Bug 93746 - Black screen when reconnecting display
Summary: Black screen when reconnecting display
Status: RESOLVED FIXED
Alias: None
Product: DRI
Classification: Unclassified
Component: DRM/Radeon (show other bugs)
Version: unspecified
Hardware: x86-64 (AMD64) Linux (All)
: medium normal
Assignee: Default DRI bug account
QA Contact:
URL:
Whiteboard:
Keywords:
Depends on:
Blocks:
 
Reported: 2016-01-17 21:05 UTC by Bernd Steinhauser
Modified: 2018-07-10 14:43 UTC (History)
1 user (show)

See Also:
i915 platform:
i915 features:


Attachments
dmesg output (68.59 KB, text/plain)
2016-01-21 17:21 UTC, Bernd Steinhauser
no flags Details
Xorg log (66.45 KB, text/plain)
2016-01-21 17:21 UTC, Bernd Steinhauser
no flags Details
First proposed patch to fix this on radeon-kms (3.73 KB, patch)
2016-02-17 23:05 UTC, Mario Kleiner
no flags Details | Splinter Review
Annotated and trimmed kernel log which points to the cause of the problem. (56.67 KB, text/plain)
2016-02-17 23:09 UTC, Mario Kleiner
no flags Details
Patch for fix on radeon-kms (v2) reviewed and tested. (4.06 KB, patch)
2016-02-19 00:04 UTC, Mario Kleiner
no flags Details | Splinter Review
Port of the radeon-kms patch v2 to amdgpu (4.06 KB, patch)
2016-02-19 00:06 UTC, Mario Kleiner
no flags Details | Splinter Review

Description Bernd Steinhauser 2016-01-17 21:05:07 UTC
One of my screens (Eizo EV2455) has an odd behaviour: When switched off, it completely kills the connection, which is very annoying, but that's not the issue here.
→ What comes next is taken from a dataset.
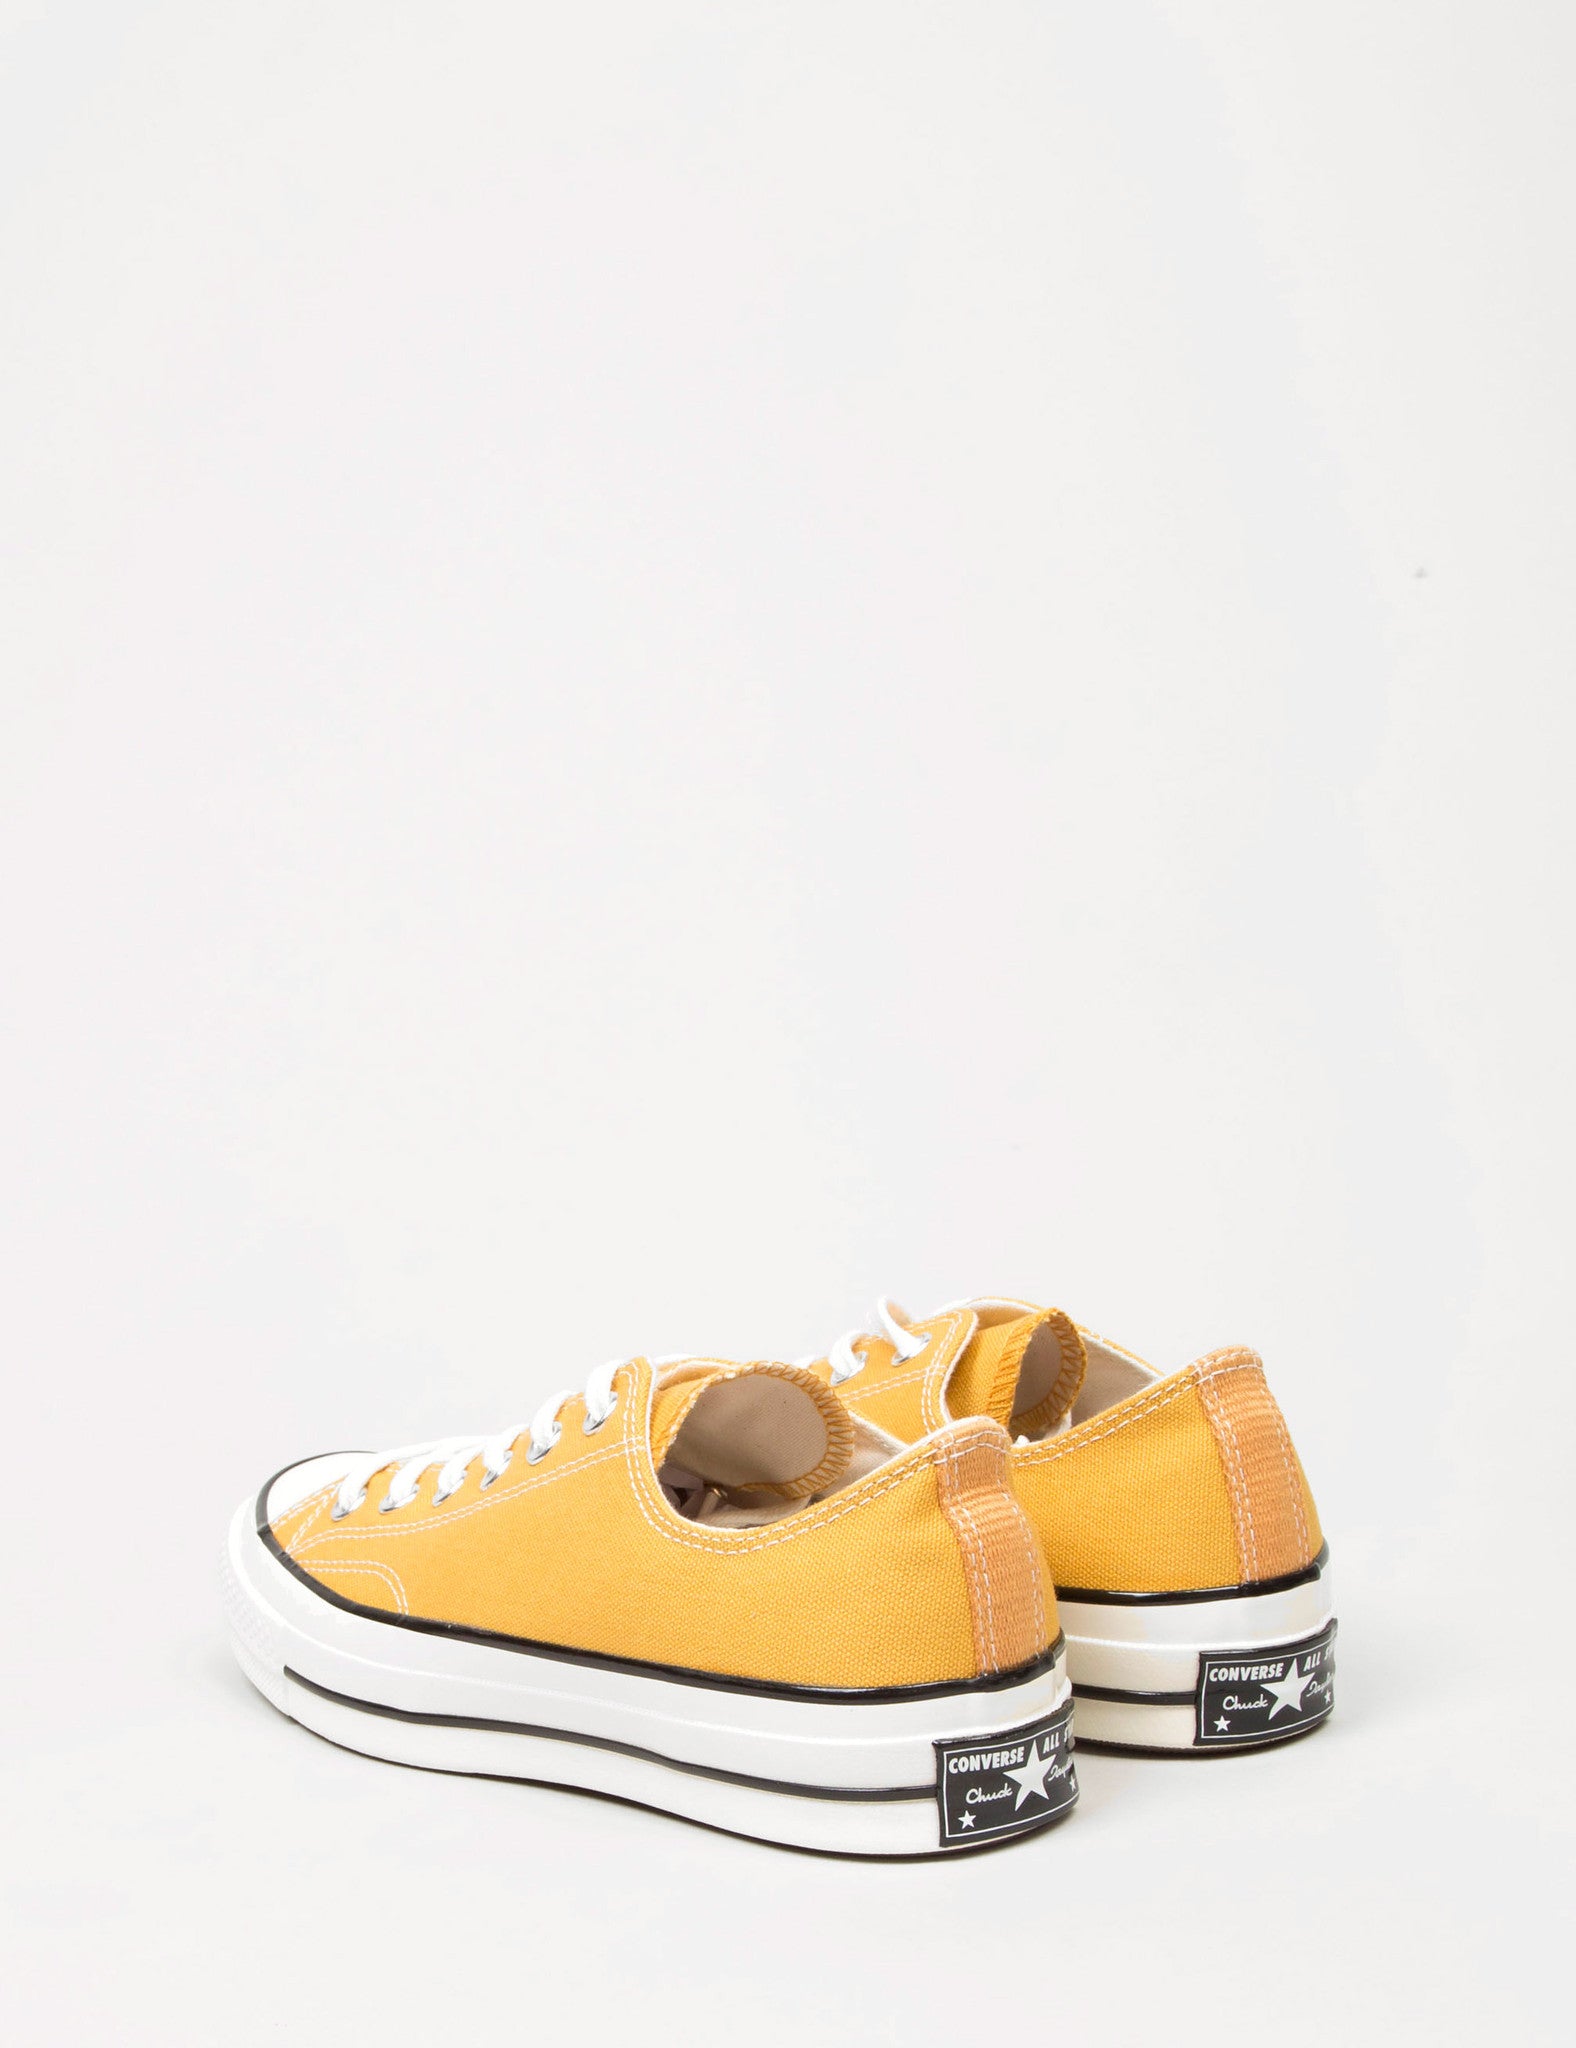 Converse 70's Chuck Taylor Low - Sunflower Yellow | URBAN EXCESS.

However, when I turn it on again, I'm presented with a black screen on that screen only (the other two work fine).
I can see the mouse pointer, I can see it changing shape when over a text field, but the window itself is not visible, its hidden behind the blackness.

The issue goes away when I set
Option      "DRI" "2"

Please see
https://bugs.kde.org/show_bug.cgi?id=357988
as well.

GPU is an AMD Kaveri. Kernel is 4.4.0. Mesa is currently scm, but I've seen this with 10.x as well. xf86-video-ati is 7.6.1.

What other info do you need?
Comment 1 Alex Deucher 2016-01-18 15:26:31 UTC
Please attach your xorg log and dmesg output.
Comment 2 Bernd Steinhauser 2016-01-21 17:21:03 UTC
Created attachment 121189 [details]
dmesg output

Output by dmesg up to the point where the screen was switched off and on again, including a VT change (working around the problem) afterwards.
Comment 3 Bernd Steinhauser 2016-01-21 17:21:35 UTC
Created attachment 121190 [details]
Xorg log

Corresponding X log.
Comment 4 Bernd Steinhauser 2016-01-21 17:22:34 UTC
(In reply to Bernd Steinhauser from comment #0)
> The issue goes away when I set
> Option      "DRI" "2"

I think I have to revert myself here. I've seen this with DRI2 as well. I have yet to find out what changed.
Comment 5 Michel Dänzer 2016-01-27 07:32:07 UTC
Does this only happen with Option "TearFree"? Only with a 4.4 kernel?

It sounds like it could be the problem discussed in http://lists.freedesktop.org/archives/dri-devel/2016-January/098823.html and followups.

P.S. How does this relate to bug 90987?
Comment 6 Bernd Steinhauser 2016-01-27 07:43:42 UTC
(In reply to Michel Dänzer from comment #5)
> Does this only happen with Option "TearFree"? Only with a 4.4 kernel?
No, it doesn't seem to be related to the Pageflip option either.

> 
> It sounds like it could be the problem discussed in
> http://lists.freedesktop.org/archives/dri-devel/2016-January/098823.html and
> followups.
Could be, yes. However, I think that I had problems with linux 4.2 as well. 4.3 for sure. I bought this screen (the Eizo) in September and since 4.2 came out in August, this seems likely.
I will try it out, though during my next test run tomorrow.

> 
> P.S. How does this relate to bug 90987?
Not sure. The difference is, that in this one, only that single screen misbehaves, in bug 90987, all of them do.
I can reproduce both individually.
Also, while this one is fixable by switching to VT2 and back, bug 90987 seems only fixable by restarting X (or at least I didn't find another way yet).
Comment 7 Bernd Steinhauser 2016-01-28 18:51:43 UTC
I'm not a 100% sure, but quite certain, that I couldn't reproduce this bug with kernel 4.2.5, so I think it's at least related to the linked email.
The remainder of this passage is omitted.